THE TANTO (Americanized and Chisel-Ground)

the Americanized tanto, popularized by Cold Steel, is usually dual-ground for point strength and sharpness along the straight edge. the point is directly along the spine. the front edge meets the long straight edge at a sharp angle, forming the "secondary point". the blade is often dual-ground, with a hollow grind along the straight edge, and a flat grind of sorts up front.

the point on this format is incredibly strong, due to the spine keeping its full width until very close to the point, and then a strong flat grind being used to create the point. there's a lot of metal up front at that point, which makes this format not the best piercer into soft materials, but incredibly strong and able to survive thrusting into very hard materials. the high point also provides less control than the drop-point and clip-point profiles.

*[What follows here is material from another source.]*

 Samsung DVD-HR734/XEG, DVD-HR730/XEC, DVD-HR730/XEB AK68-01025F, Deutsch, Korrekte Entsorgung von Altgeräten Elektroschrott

the hollow ground straight edge is very sharp; there's no belly per se, so slicing can be awkward, and this is not the best format for general utility use since a belly is so useful for that. for hard use where a very strong point is needed, this profile is exceptional. the very sharp hollow-ground straight edge performs very well for any job that doesn't require a belly. for slashing, the promotors of this format claim the secondary point positively reinforces the slash, so even though the design is bellyless it still slashes well. i've never used a tanto for slashing, so this is only conjecture, as far as i'm concerned.

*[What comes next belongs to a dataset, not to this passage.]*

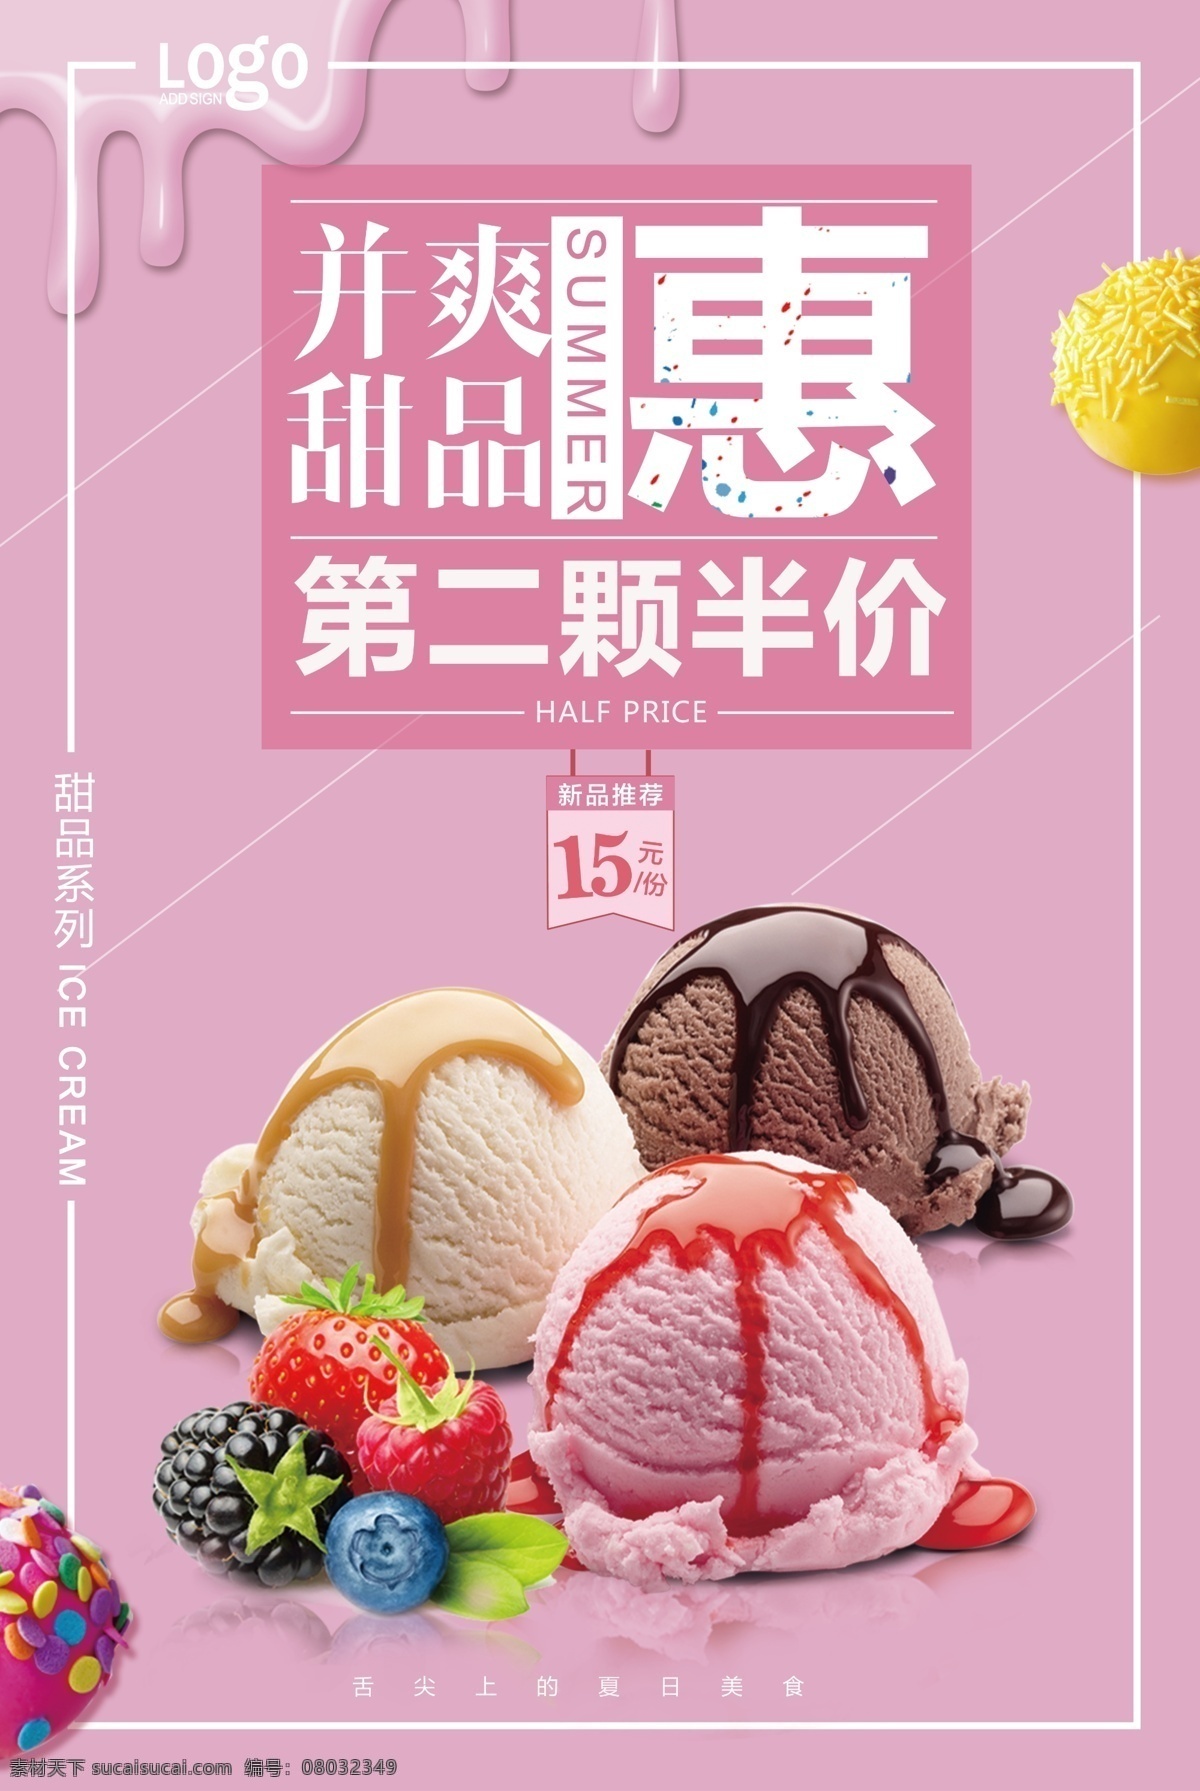 2017 年 粉色 少女 系 冰 激 淋 甜品 折扣 海报 粉色海报 折扣海报 冰激淋 冰激淋海报 少女风 第二份半价

i'm not going to go over the classic Japanese tanto shape, because that design is not seen much in everyday cutlery.

THE SHEEPSFOOT (Wharncliffe)

the sheepsfoot blade is one of the few profiles that has no defined point, maybe the only one. the spine curves down to meet the edge. the main reason for this profile is to provide an edge that can be used for cutting, while minimizing the chances that anything delicate will be accidently pierced by the point. for example, it is marketed to emergency personnel, who may have to cut a person out of their seatbelt at an accident scene, and don't want to risk stabbing the victim in the process. also, this pattern is popular among sailors, and the explanations here vary depending on who you talk to: it may be because when their knife is out, the sailors don't want to risk accidently puncturing a sail. or, as the legend goes, it may be because when sailors have pointy knives, they end up stabbing each other with them. take your pick.

the Japanese style chef's knife, the Santuko, also is close to this format, though the belly on that knife curves slightly. there's no need for a point for the usage of this knife, so the dropped point maximizes the straight edge length.

THE DAGGER

The dagger's profile provides the ultimate in piercing soft targets. the dagger tapers to a very thin, very sharp point, which pierces easily and deeply into soft targets, but is weak and can (and does) break on hard targets. the dagger usually has two sharp edges, to reduce the profile and let the knife cut in on both sides.

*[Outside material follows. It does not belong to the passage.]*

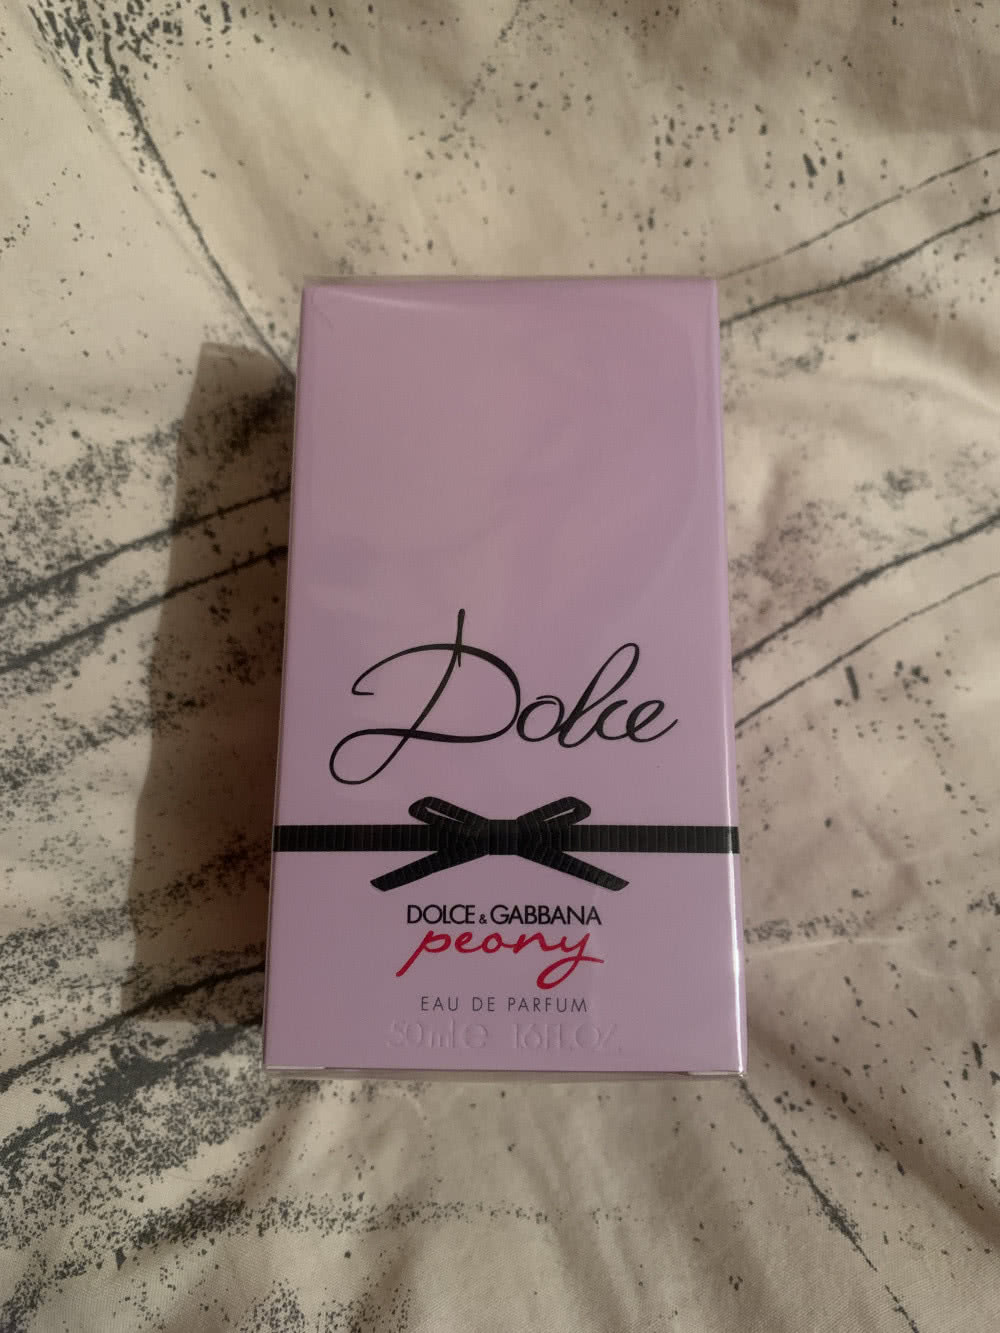 Dolce & Gabbana, Dolce Peony Eau De Parfum, 50ml

the dagger usually has little or no belly per se, instead tapering in relatively straight line towards the point, though you will see great variations in the degree to which there's a curve towards the point. in addition, both edges are ground from the exact center of the blade. the geometry, between the lack of belly and the quickly-thickening edges, is not good for slicing/slashing.

dagger profiles make poor utility blades, and are rarely seen outside of knives that aren't designed exclusively as weapons; they're usually banned in many parts of the country, probably for this reason.

THE SPEAR POINT

a real spear point is what you would find on a spear: point exactly in the center of the blade, both edges sharpened. but when knives are described as "spear point", this describes a special variation of a drop point. in a drop point, the point drops slightly from the spine of the blade. in a spear point, the point drops all the way to the center of the blade. point controllability is excellent, and the point is strong (but dull if not double-edged), and with the point so low the belly is rather small.

THE TRAILING POINT

the trailing point format has a point that's as high or higher than the blade spine, and a big long curving belly. the belly is the objective of this format, and it's used for jobs where slicing is the most important function. it is very popular on skinning knives, where lots of belly comes in handy for slicing. the point is high and out of the way, it may function slightly as a piercer, but on some trailing point knives the point is nonfunctional.

THE HOOK BLADE (The Hawkbill)

the edge on a hook blade curves in a concave manner. this type of knife was traditionally used for gardening, and it has gained some acceptance for utility use. for shallow slicing, the material to be is place on the edge near the handle. as the knife is pulled, the geometry of the curve forces the material into the edge nearer the tip, and slicing performance is good. also, you can just pierce material with the tip and just pull the knife; the edge will function the same way. this profile works well as a slicer when you can get the material positioned in the "sweet spot" of the curve (like pruning). this basically means the material to be cut needs to have a smaller radius than the blade itself, so hook blades work well for pruning but would have a harder time slicing a tomato. the design lends itself well for defensive purposes, as well; the design functions as a "talon", and allows the user to move in a more natural fashion, by clawing and ripping at a target.
Unbanned since September 2012.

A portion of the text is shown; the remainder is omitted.